Myth #1: The Nursing Home is going to take away the house.
The skilled nursing facilities have nothing to do with assets or Medicaid recovery. In Colorado, your house is not a countable asset for purposes of Medicaid qualification up to a value of $552,000.00. There are two scenarios you have to consider when doing Medicaid planning; the spouse of the person going into long term care still living in the house, or; the person going into a skilled facility is unmarried.
Under the first scenario, the spouse (called the Community Spouse) will retain possession of the home without estate recovery. There are also rules about assets that may be transferred to the Community Spouse without penalty.
If the person who needs skilled care has no spouse at home, the house is not included as an asset if the person intends to return home. This does not mean that the elderly person can or will return home, but rather that they intend to return home. This intent precludes the home from being an asset for the purposes of Medicaid qualification, but does not protect it from estate recovery by Medicaid after the person passes away.
There are other methods of protecting the home from estate recovery if planning is completed early enough or in special circumstances, such as a disabled child or adult child caregiver. You need to contact a qualified elder law attorney who is familiar with all state and federal regulations in order to plan before the crisis occurs.
Myth #2: You can give away money or assets and Medicaid will never know.
Remember that the county and state offices determine Medicaid qualification and they will not qualify a person without an extensive disclosure of all bank and financial records. Titles to cars, deeds to land, and banking histories are all available to these offices and they are very thorough in their investigation. If the records do not track the
funds perfectly, your family member will be denied benefits. If the office determines you were trying to defraud the Medicaid program, your family member could be denied permanently.
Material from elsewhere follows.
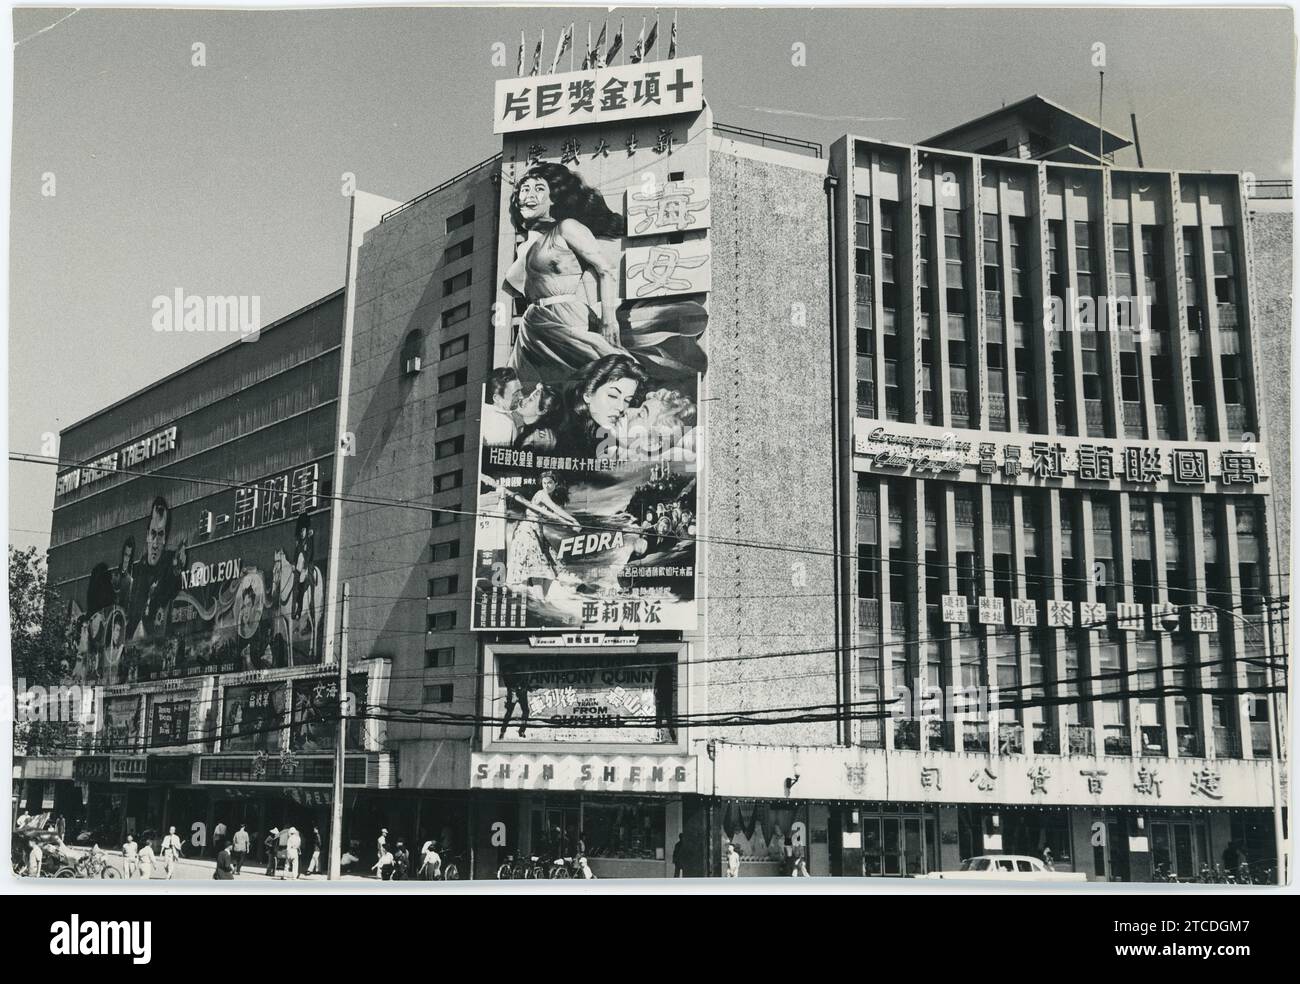 Taipei (Taiwan), novembre 1959. Poster per il film spagnolo 'Fedra' Sulla facciata principale del cinema Shin Shen. Crediti: Album / Archivo ABC Foto Stock

One of the most common “do-it-yourself” Medicaid planning techniques is to just give assets away. Although making gifts can be a crucial part of an effective asset protection plan, doing so without a plan, or, worse yet, without fully understanding the consequences and ramifications of such action, can be financially devastating, particularly since the passage of the Deficit Reduction Act (DRA) in 2006. Fortunately, the Medicaid rules which can “punish” an applicant for transferring or gifting assets in anticipation of Medicaid, also has, if you understand how the system works, significant opportunities for protecting assets. In many ways it’s the “half empty or half full” concept. Some of these methods provide for protecting the assets even from estate recovery, while others will provide for the additional personal needs of your family members but be available for estate recovery after the person is gone.
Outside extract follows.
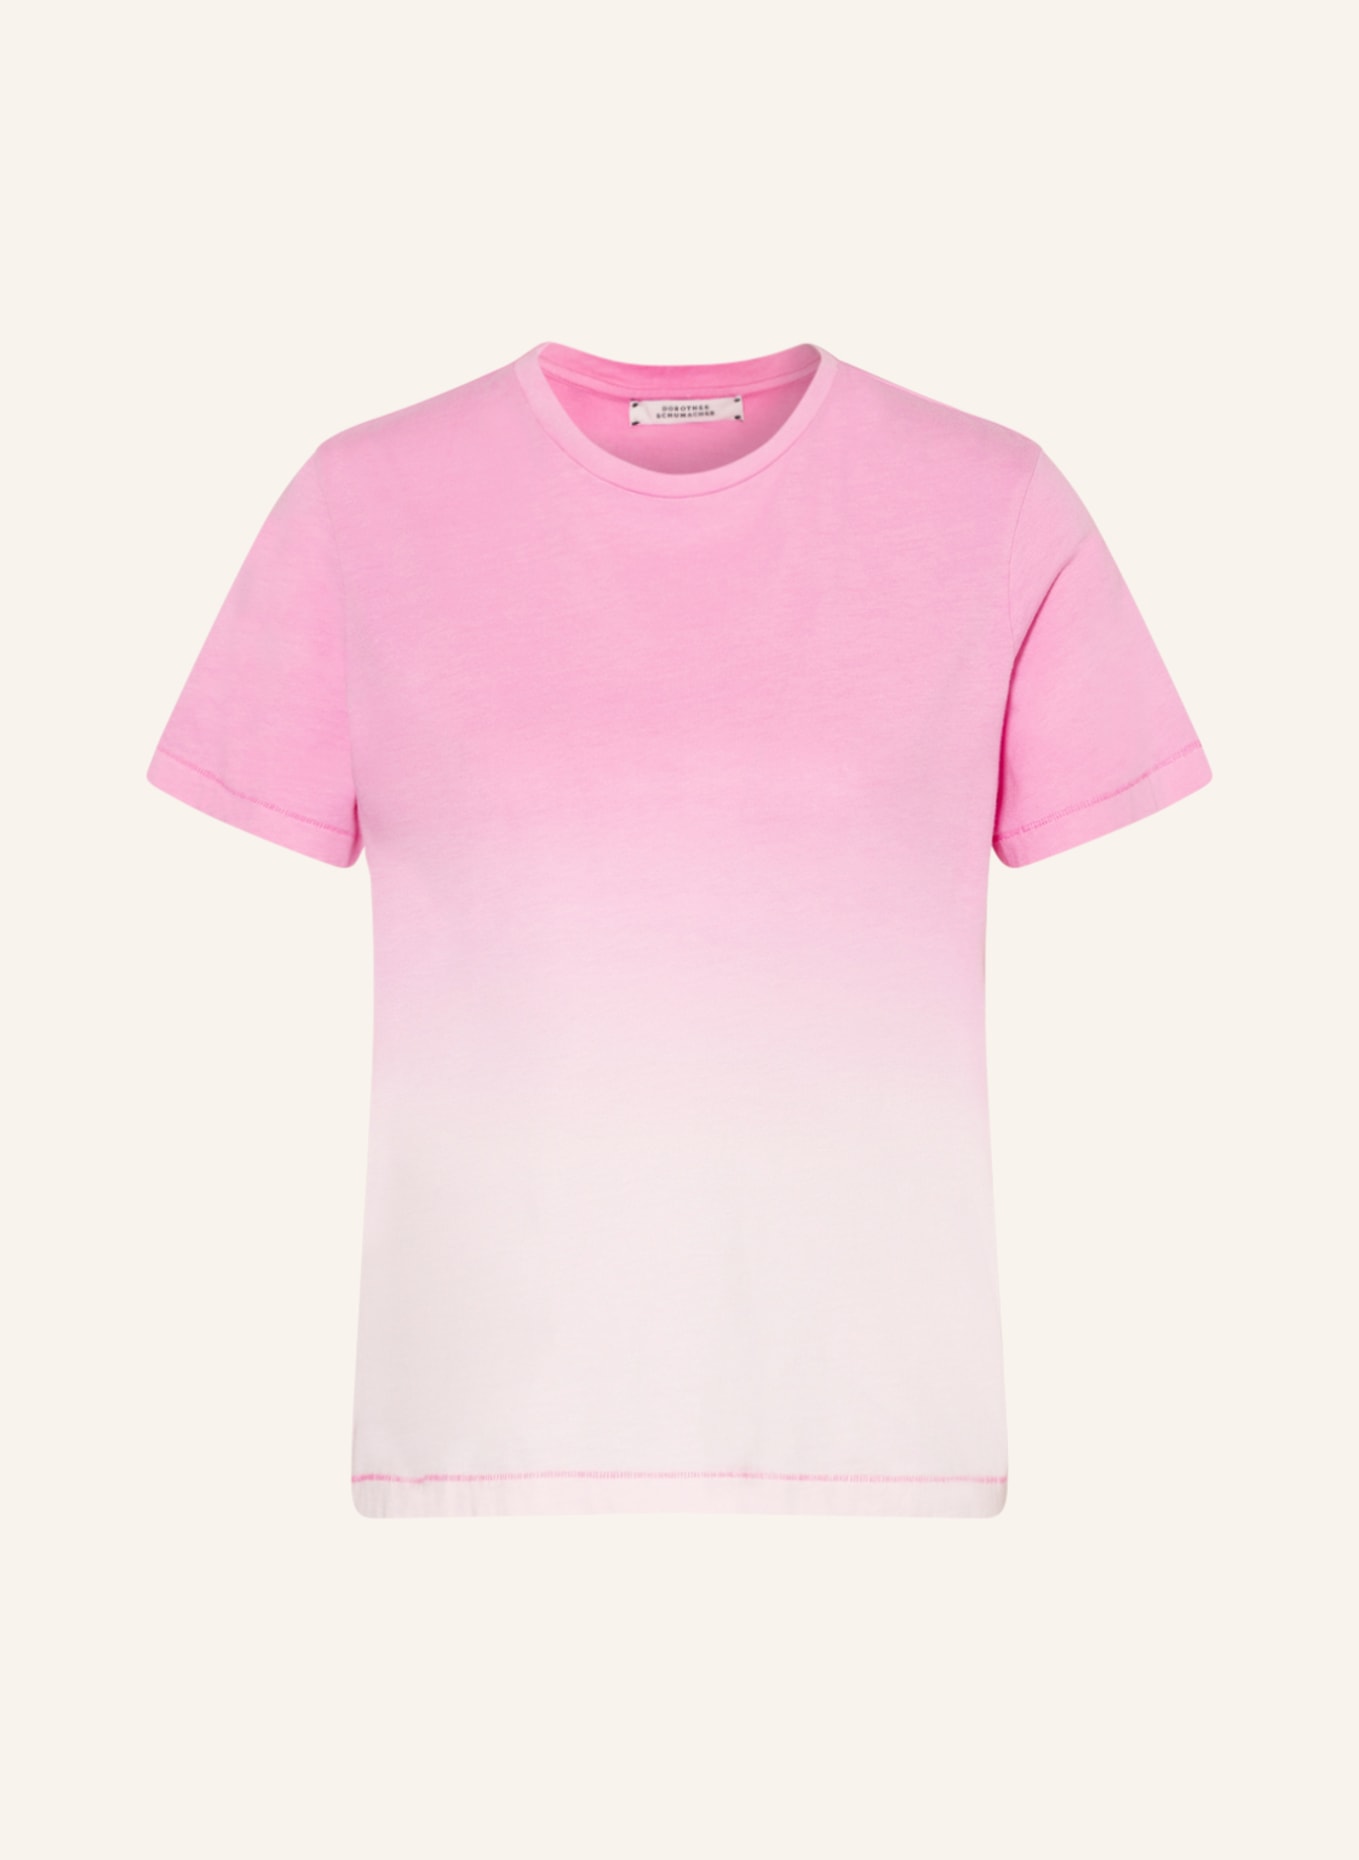 DOROTHEE SCHUMACHER T-shirt, Color: PINK/ LIGHT PINK (Image 1)

Sometimes families will attempt to “hide” assets, or at least conveniently “forget” about them. After all, how is Medicaid going to find out about that piece of property that you gave to your son last year? Keep in mind that failure to disclose assets in order to obtain Medicaid benefits is a crime (Medicaid fraud) and could result in prosecution, as well as legal action to recover the cost of benefits obtained fraudulently. It is just not something you want to even consider.
Myth #3: If you have a Trust or Annuity, you are protected from Medicaid recovery.
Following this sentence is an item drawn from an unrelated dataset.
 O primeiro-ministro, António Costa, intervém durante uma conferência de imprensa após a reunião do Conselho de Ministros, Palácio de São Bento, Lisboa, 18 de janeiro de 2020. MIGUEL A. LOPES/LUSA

During the last two decades, the financial gurus across the nation declared that all senior citizens needed a Revocable Living Trust and millions of seniors followed that advice. In some cases, well-intentioned but misinformed sales people led their clients to assume, or believe, that a Living Trust would somehow provide their assets with protection from Medicaid. Although a properly drawn Living Trust may provide many benefits, protection from Medicaid is not one of them. Assets in a revocable Living Trust are still available to the patient and are therefore, in most cases, still considered as countable (for Medicaid qualification) resources and required to be spent down or eliminated in some other form before Medicaid will provide benefits. In addition, when trying to protect assets, there are certain conditions under which a Living Trust could cause the patient to lose up to 65% more of his/her assets than would have been necessary had there been no Living Trust in the first place. Some forms of properly drawn Irrevocable Trusts may protect some assets from Medicaid if they are instituted prior to the five year “look back” period. However, the trusts have to be properly drafted to have certain provisions that protect these assets from Medicaid qualification and may protect some of the assets from Medicaid Recovery.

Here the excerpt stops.